Exactly the lines from the one holding "Obras de Andre Luiz September 21" through the end of the material below must be printed, nothing more, and the pictures must be dropped.

DATASET EXCERPT -
****************************************

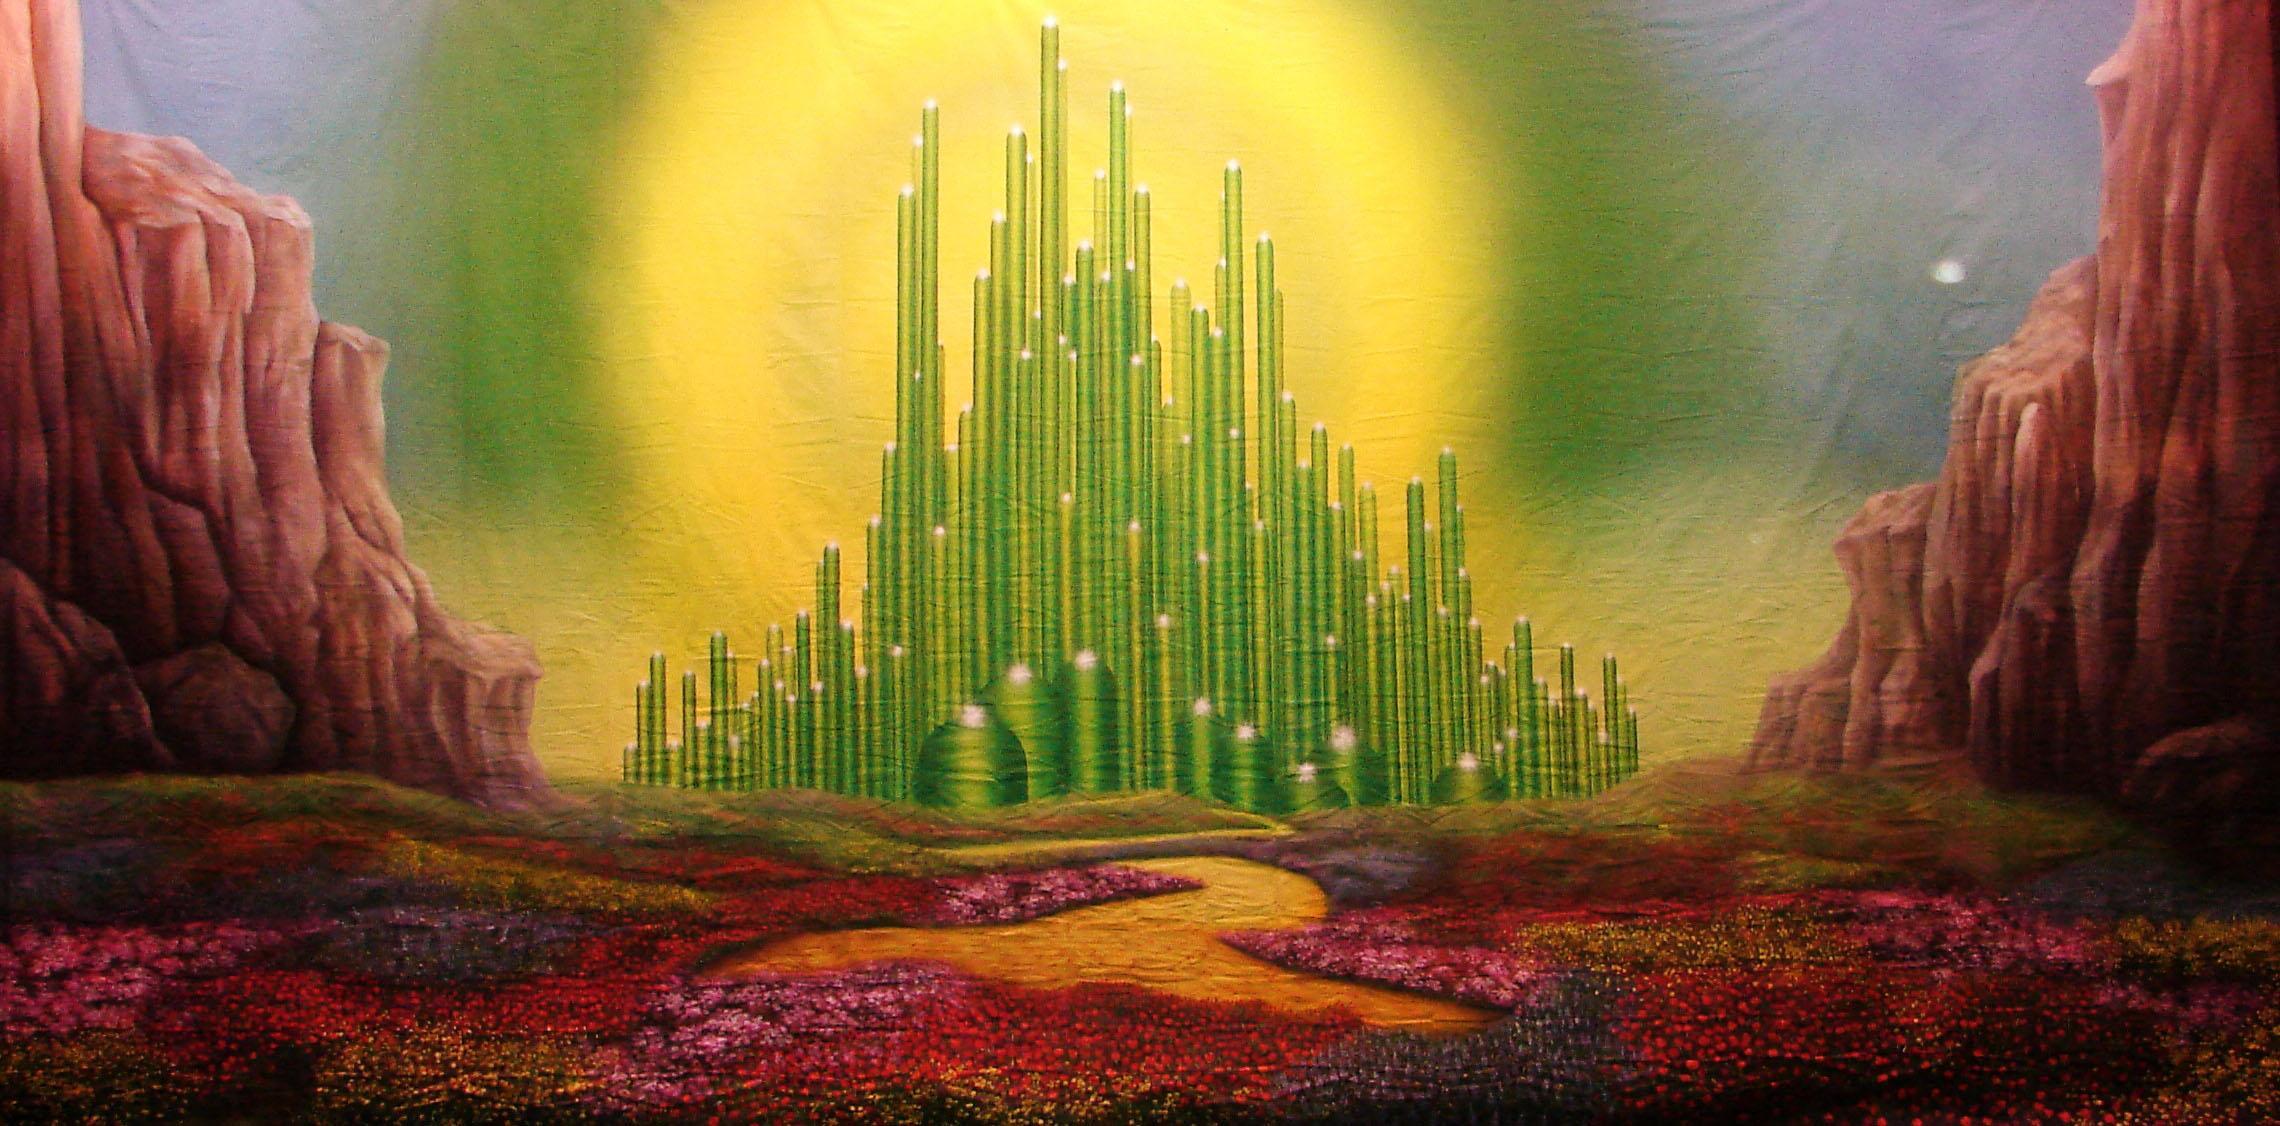 Wizard Of Oz Emerald City Wallpaper Viewing Gallery wallpaper uploaded 2280x1126
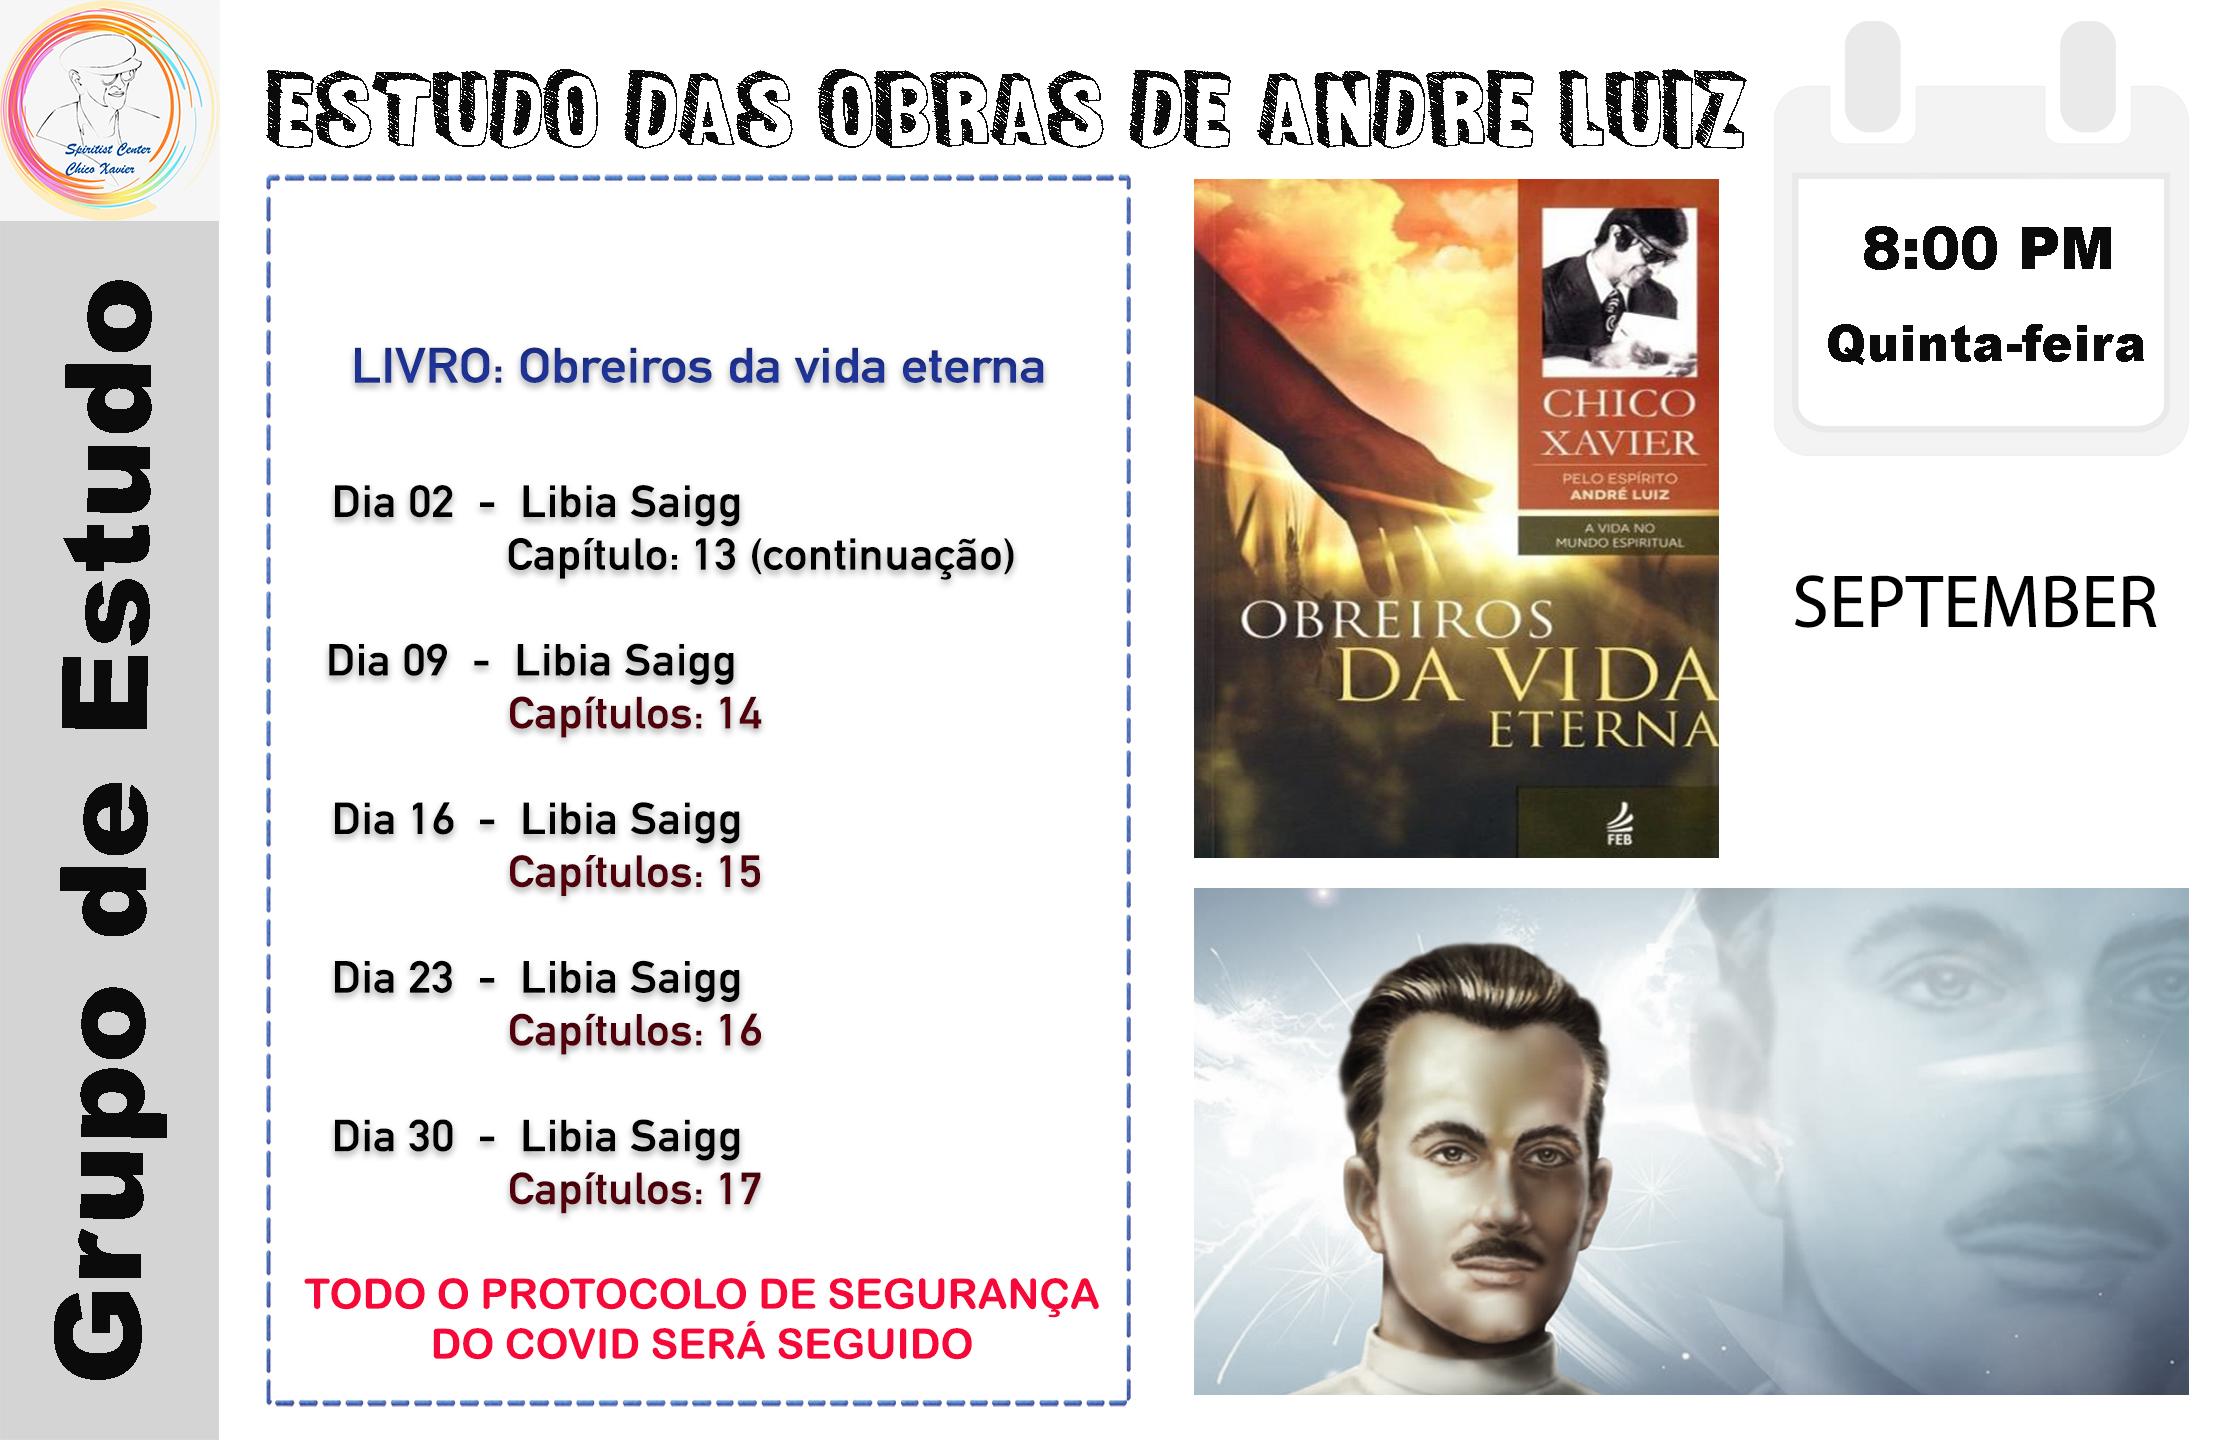 Obras de Andre Luiz September 21
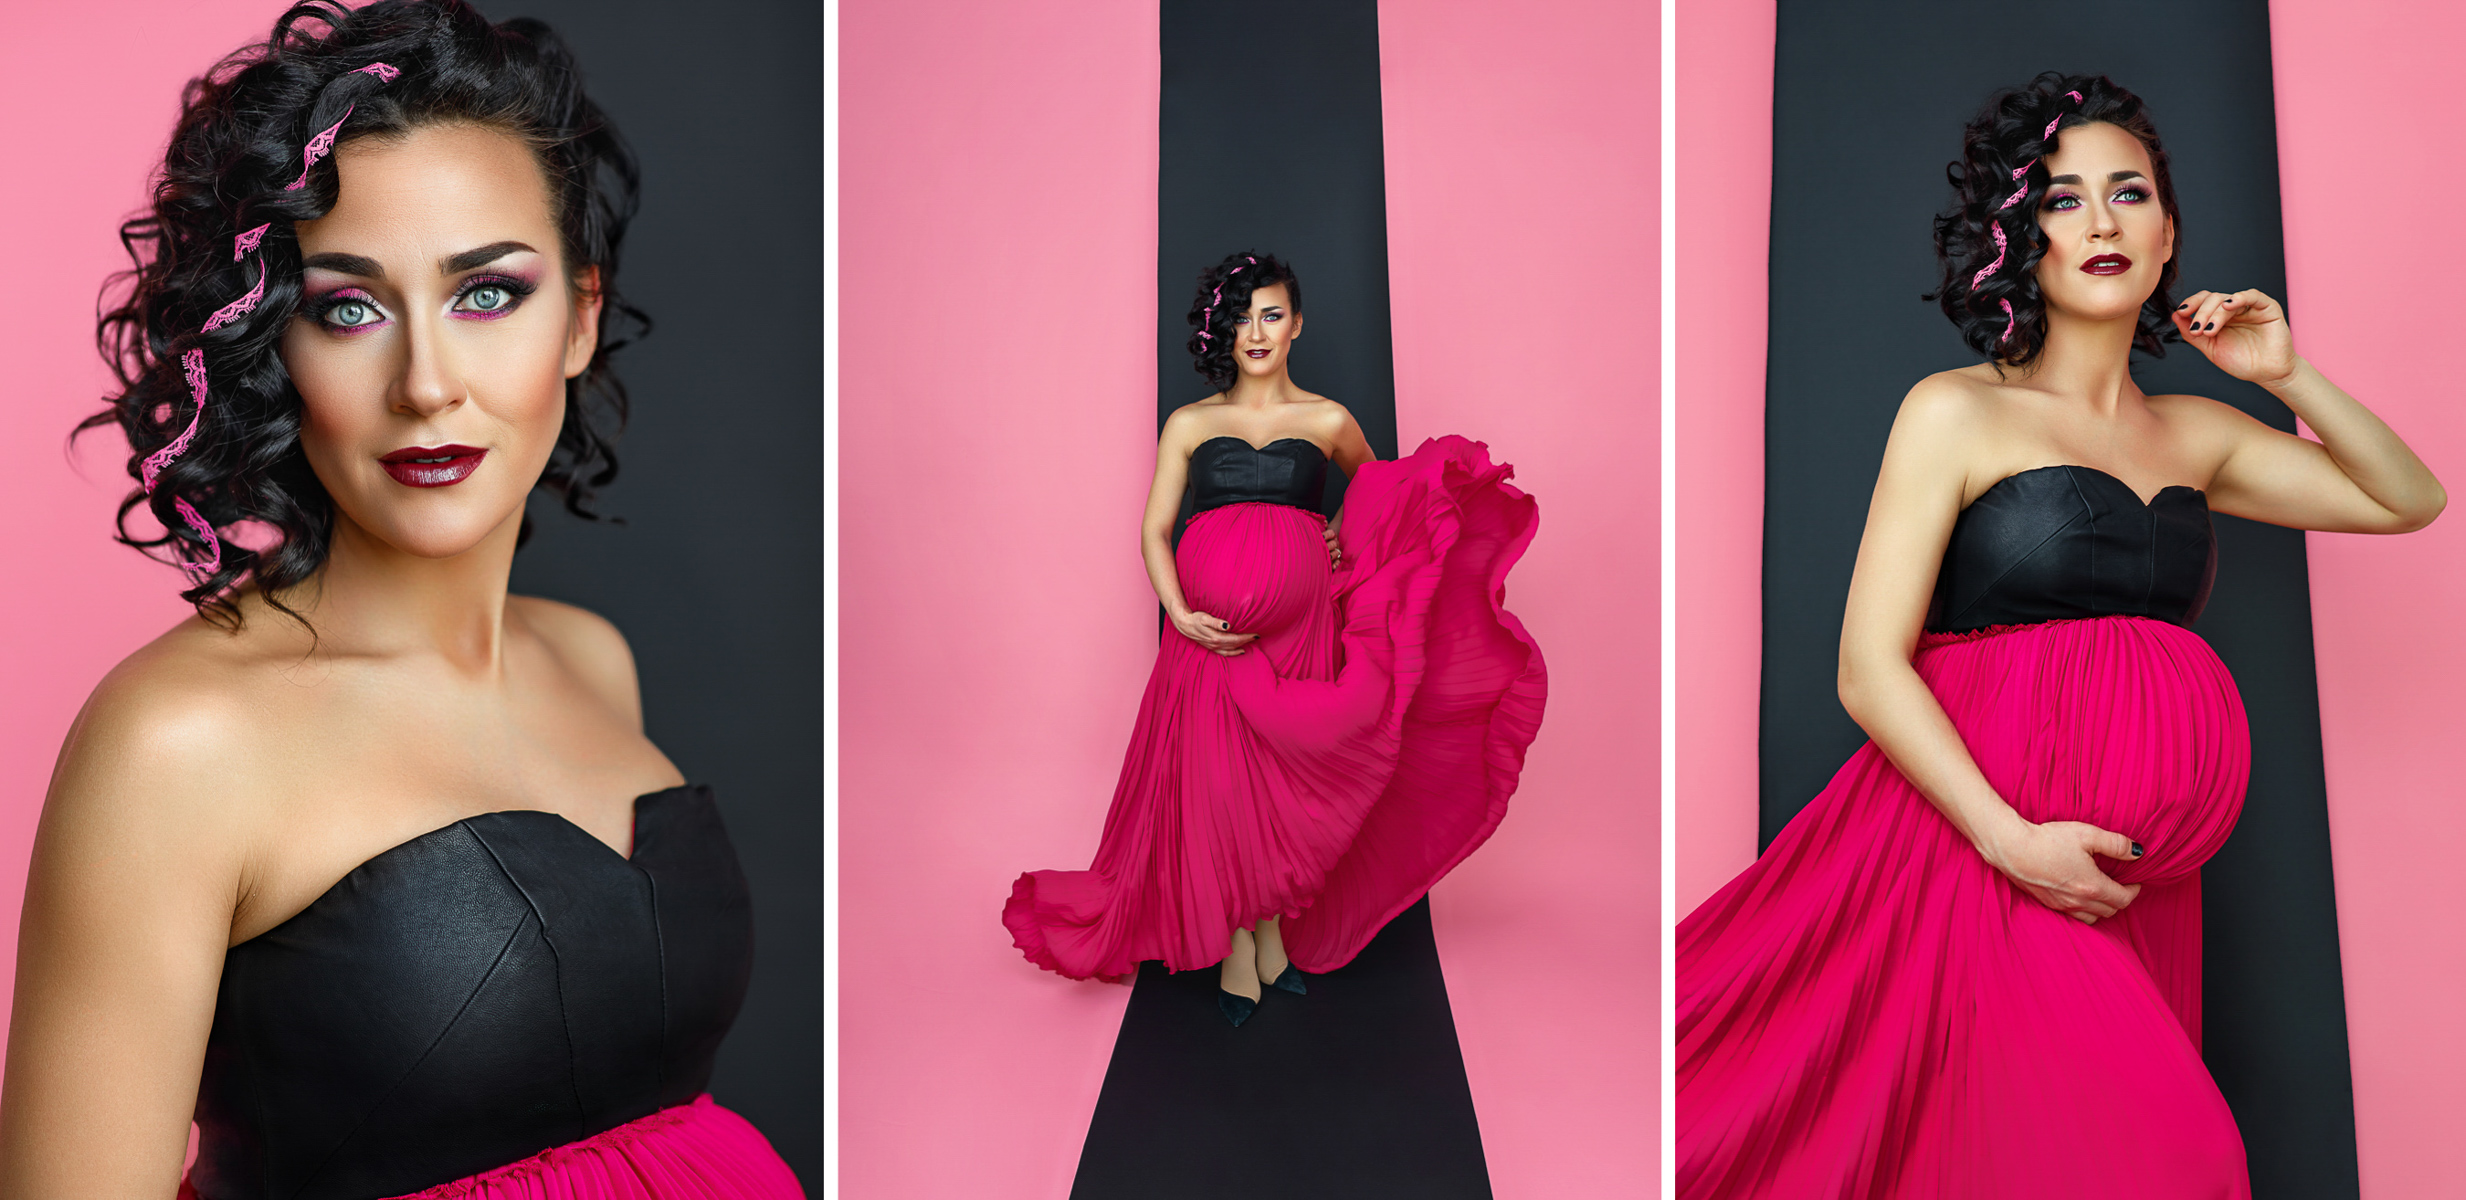 Studio maternity photographer

****************************************

WRITTEN SOLUTION -
 Obras de Andre Luiz September 21
 Studio maternity photographer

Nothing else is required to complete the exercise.